- Born: Queens, New York City
- Education: Harvard University (AB); University of California, Berkeley (PhD);
- Relatives: Lisa Randall (sister)
- Awards: Fellow of the American Mathematical Society, Fellow of the Association for Computing Machinery, Outstanding Service Award, Georgia Tech
- Scientific career
- Fields: Theoretical computer science
- Institutions: Georgia Institute of Technology
- Thesis: Counting in Lattices: Some Combinatorial Problems from Statistical Mechanics (1994)
- Doctoral advisor: Alistair Sinclair

= Dana Randall =

American computer scientist

Dana Randall is an American computer scientist. She is a Regents' professor of computer science and adjunct professor of mathematics at the Georgia Institute of Technology. She is also an external professor of the Santa Fe Institute. Previously she was executive director of the Georgia Tech Institute of Data Engineering and Science (IDEaS) that she co-founded, director of the Algorithms and Randomness Center, and served as the ADVANCE Professor of Computing. Her research areas include combinatorics, computational aspects of statistical mechanics, Monte Carlo stimulation of Markov chains, randomized algorithms and programmable active matter.

==Education==
Randall was born in Queens, New York. She graduated from New York City's Stuyvesant High School in 1984. She received her A.B. in Mathematics from Harvard University in 1988 and her Ph.D. in computer science from the University of California, Berkeley in 1994 under the supervision of Alistair Sinclair.

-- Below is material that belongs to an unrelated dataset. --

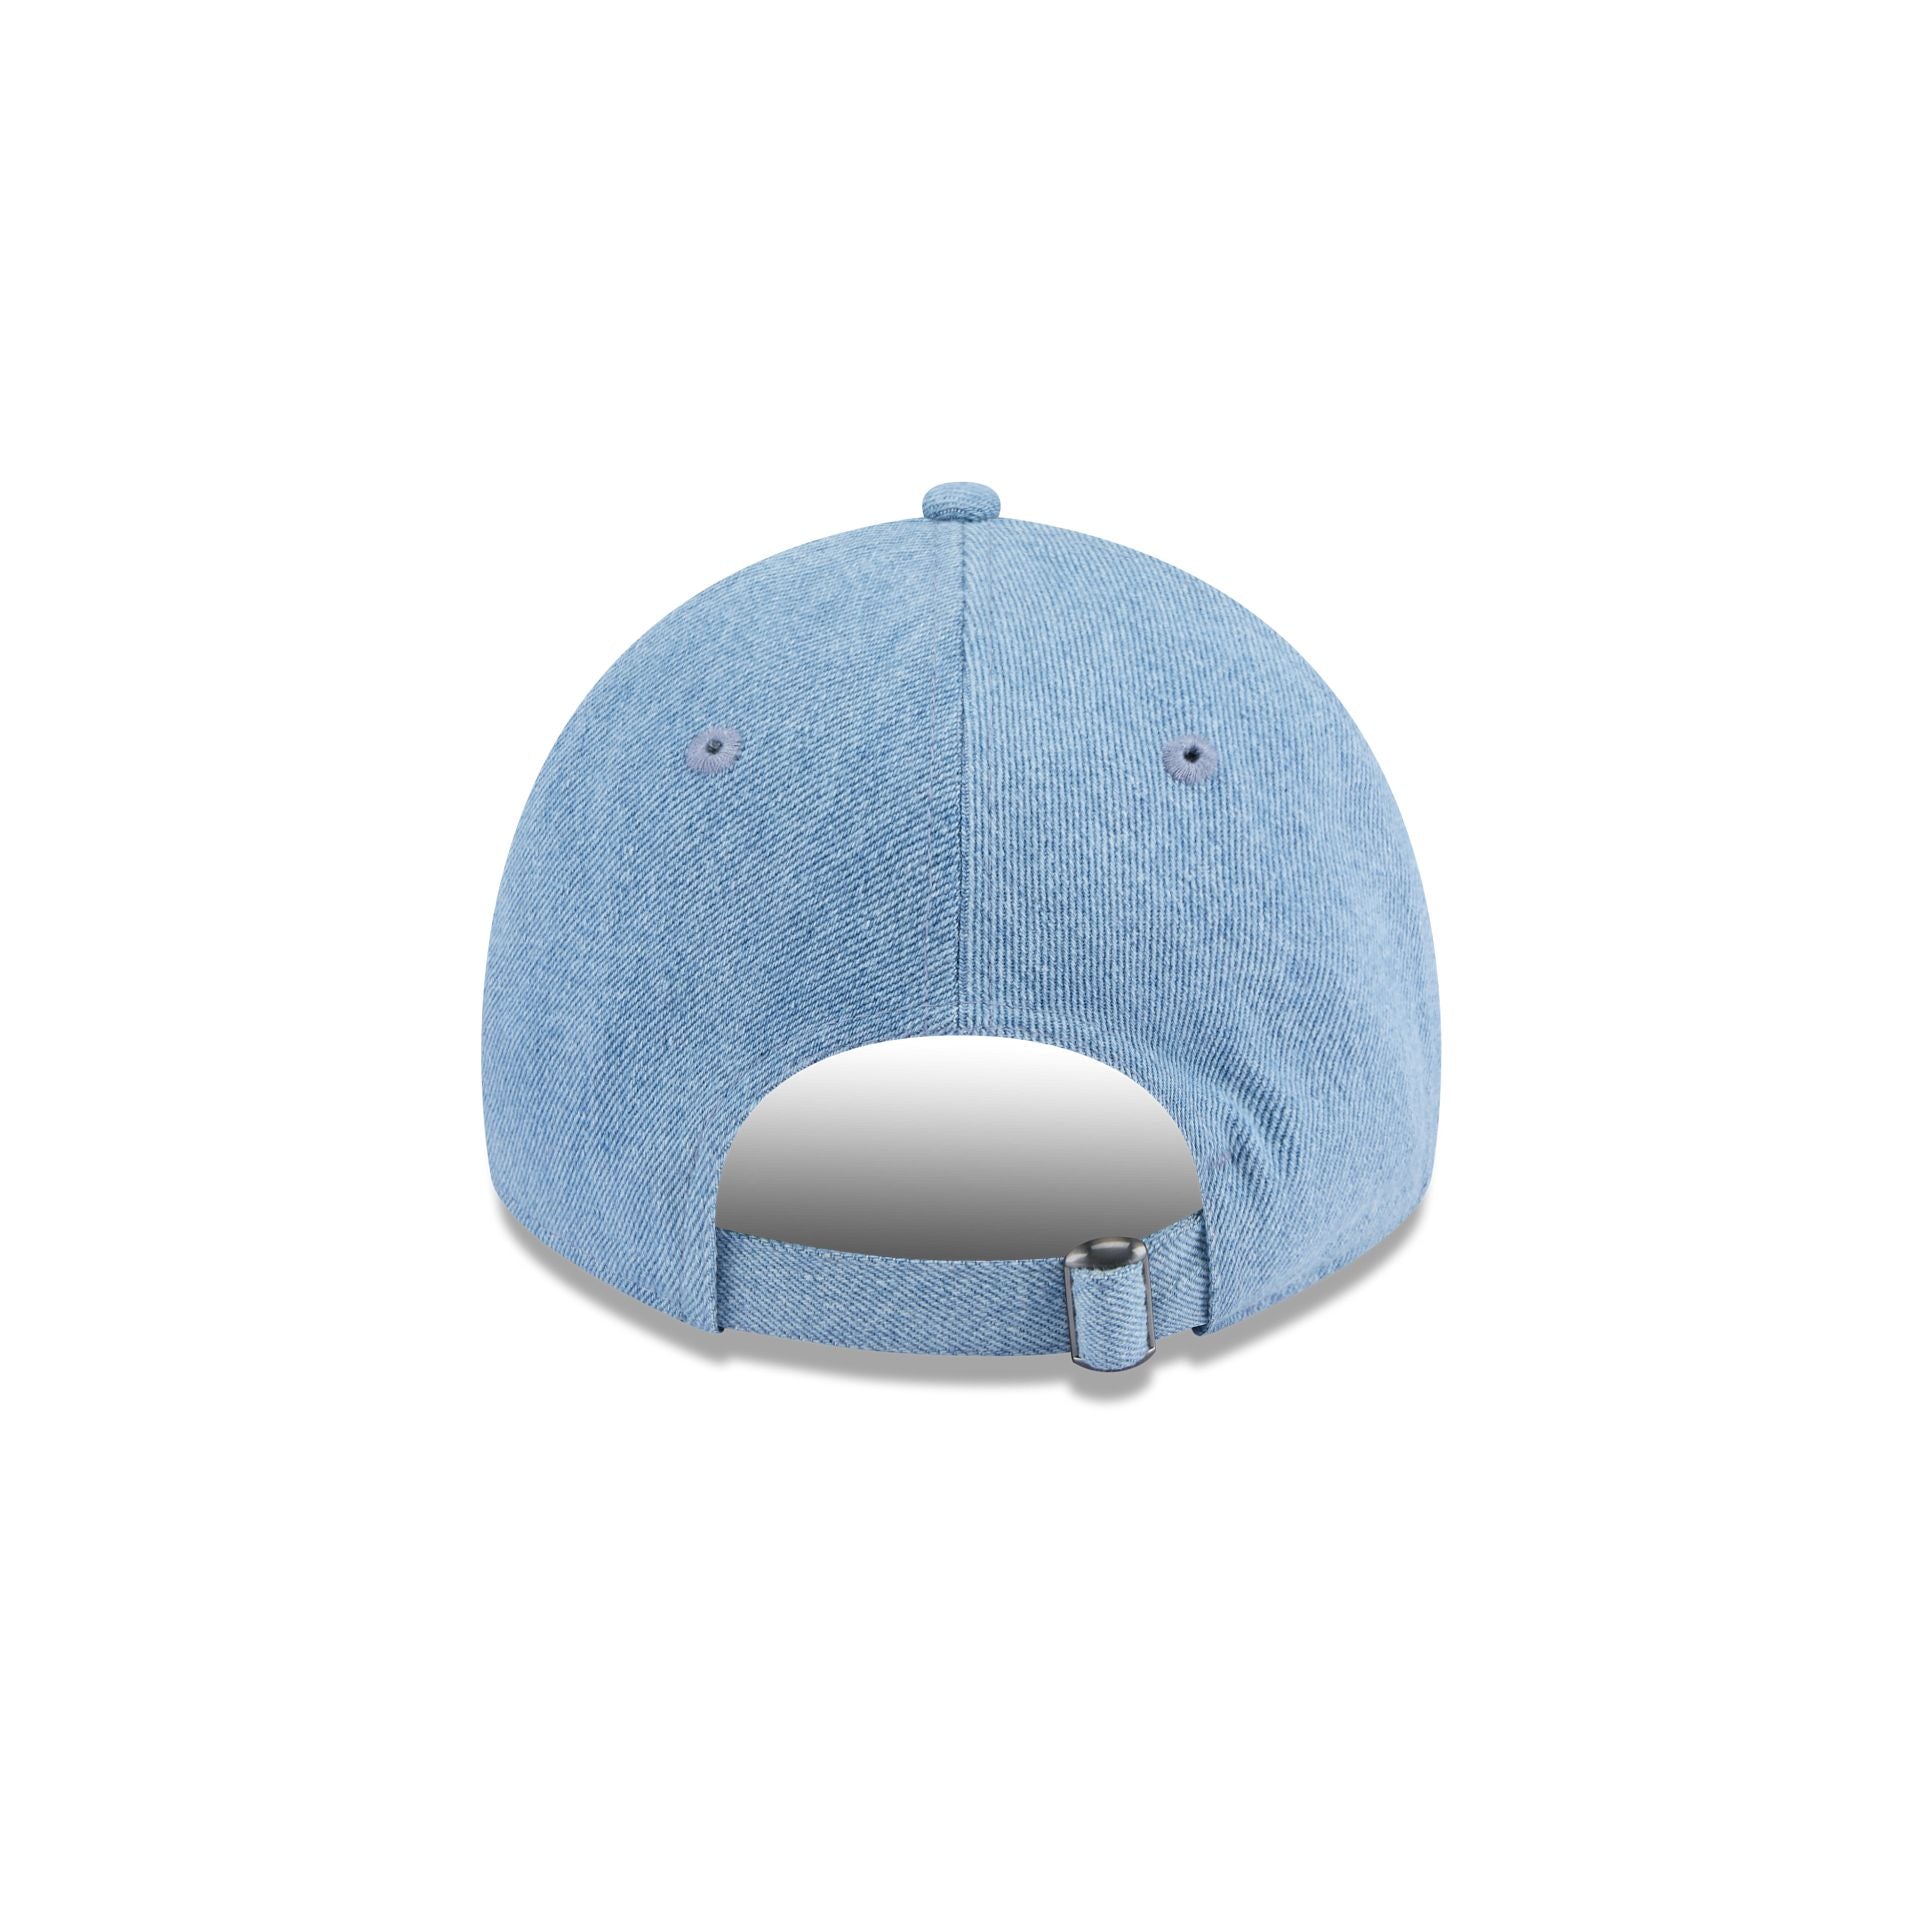 San Francisco Giants Washed Denim 9TWENTY Adjustable Hat, Blue, MLB by New Era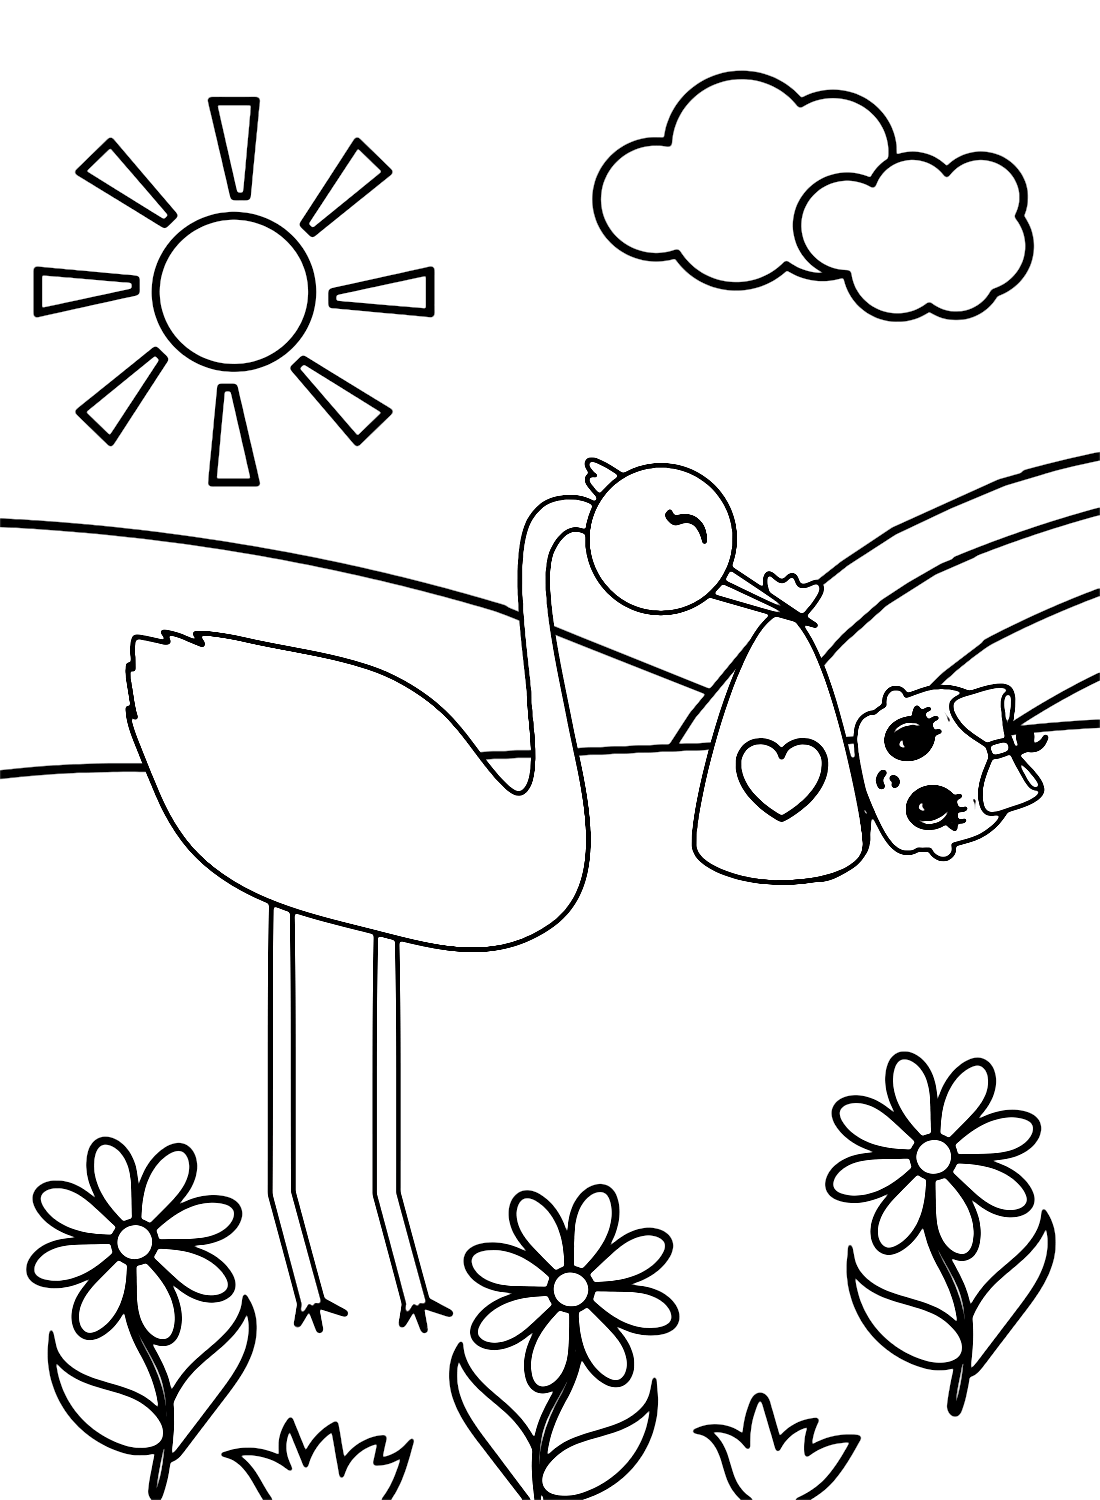 Ooievaar met baby in stoffen tas van Stork

Her sister is theoretical physicist Lisa Randall.

==Research==
Her primary research interest is analyzing algorithms for counting problems (e.g. counting matchings in a graph) using Markov chains. One of her important contributions to this area is a decomposition theorem for analyzing Markov chains.

==Accolades==
In 2012 she became a fellow of the American Mathematical Society. She was named as an ACM Fellow, in the 2024 class of fellows, "for contributions to the theory of Markov chains and programmable active matter".

She delivered the Arnold Ross Lecture on October 29, 2009, an honor previously conferred on Barry Mazur, Elwyn Berlekamp, Ken Ribet, Manjul Bhargava, David Kelly and Paul Sally.